(Your instructions): Once you find the line with "Orange Peill &" in the listing below, set down exactly every line from it through the line with "Dimensions:ø: 24", but no pictures.

(Input):
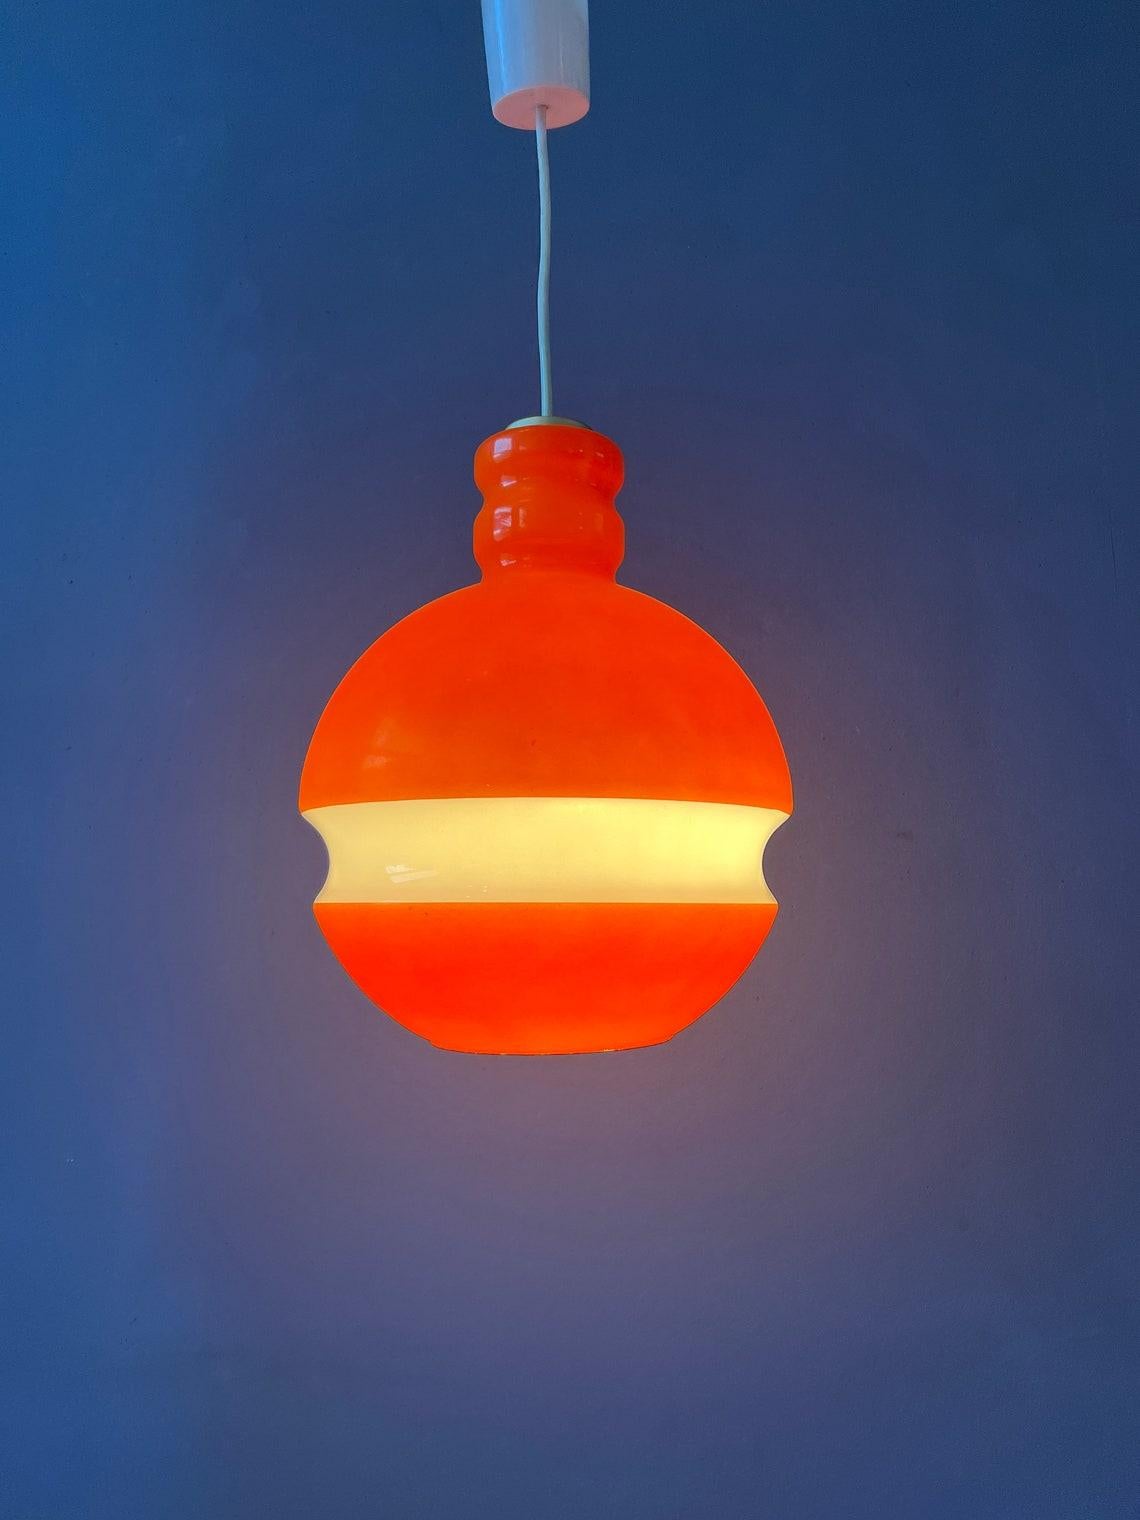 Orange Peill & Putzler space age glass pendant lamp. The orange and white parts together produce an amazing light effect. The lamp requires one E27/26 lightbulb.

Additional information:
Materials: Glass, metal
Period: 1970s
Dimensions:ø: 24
* * *
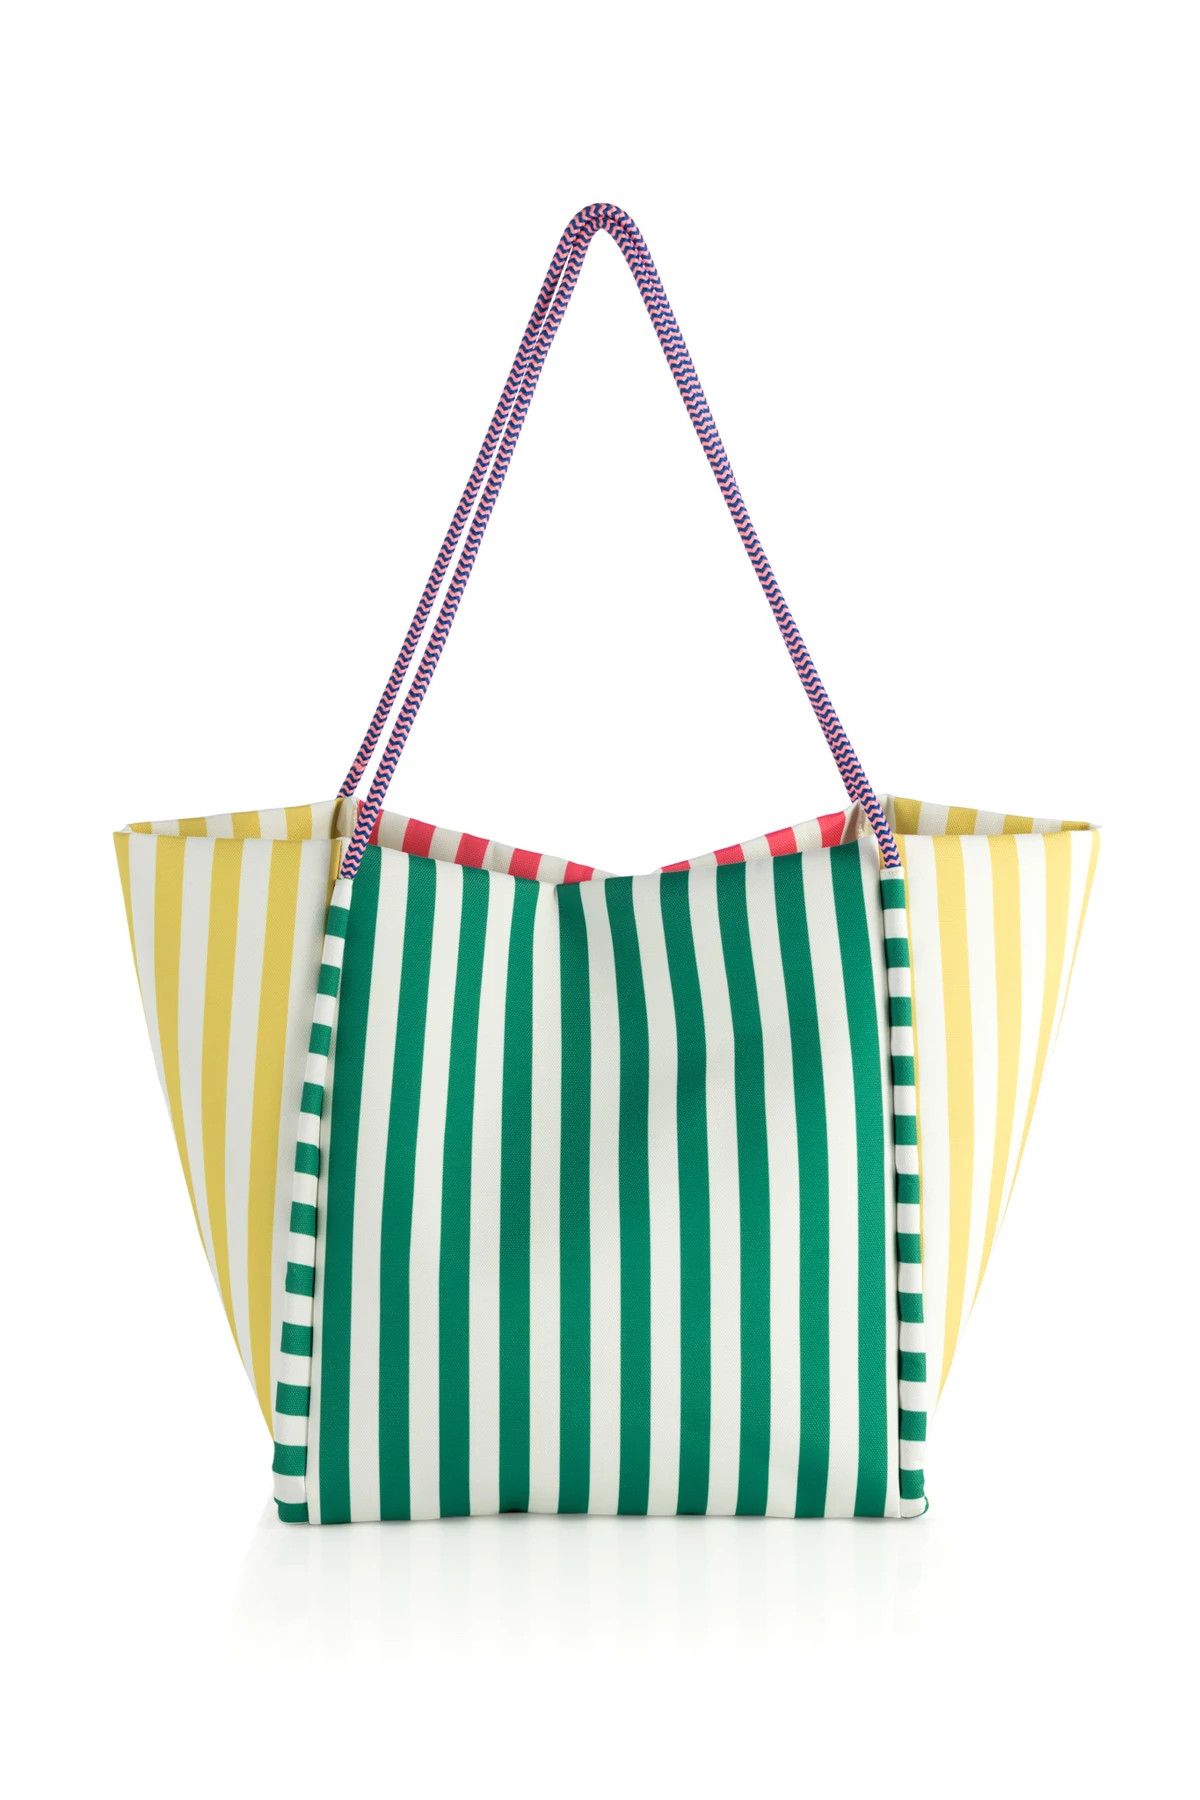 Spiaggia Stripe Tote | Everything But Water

(Response for this exercise):
 Orange Peill & Putzler space age glass pendant lamp. The orange and white parts together produce an amazing light effect. The lamp requires one E27/26 lightbulb.

Additional information:
Materials: Glass, metal
Period: 1970s
Dimensions:ø: 24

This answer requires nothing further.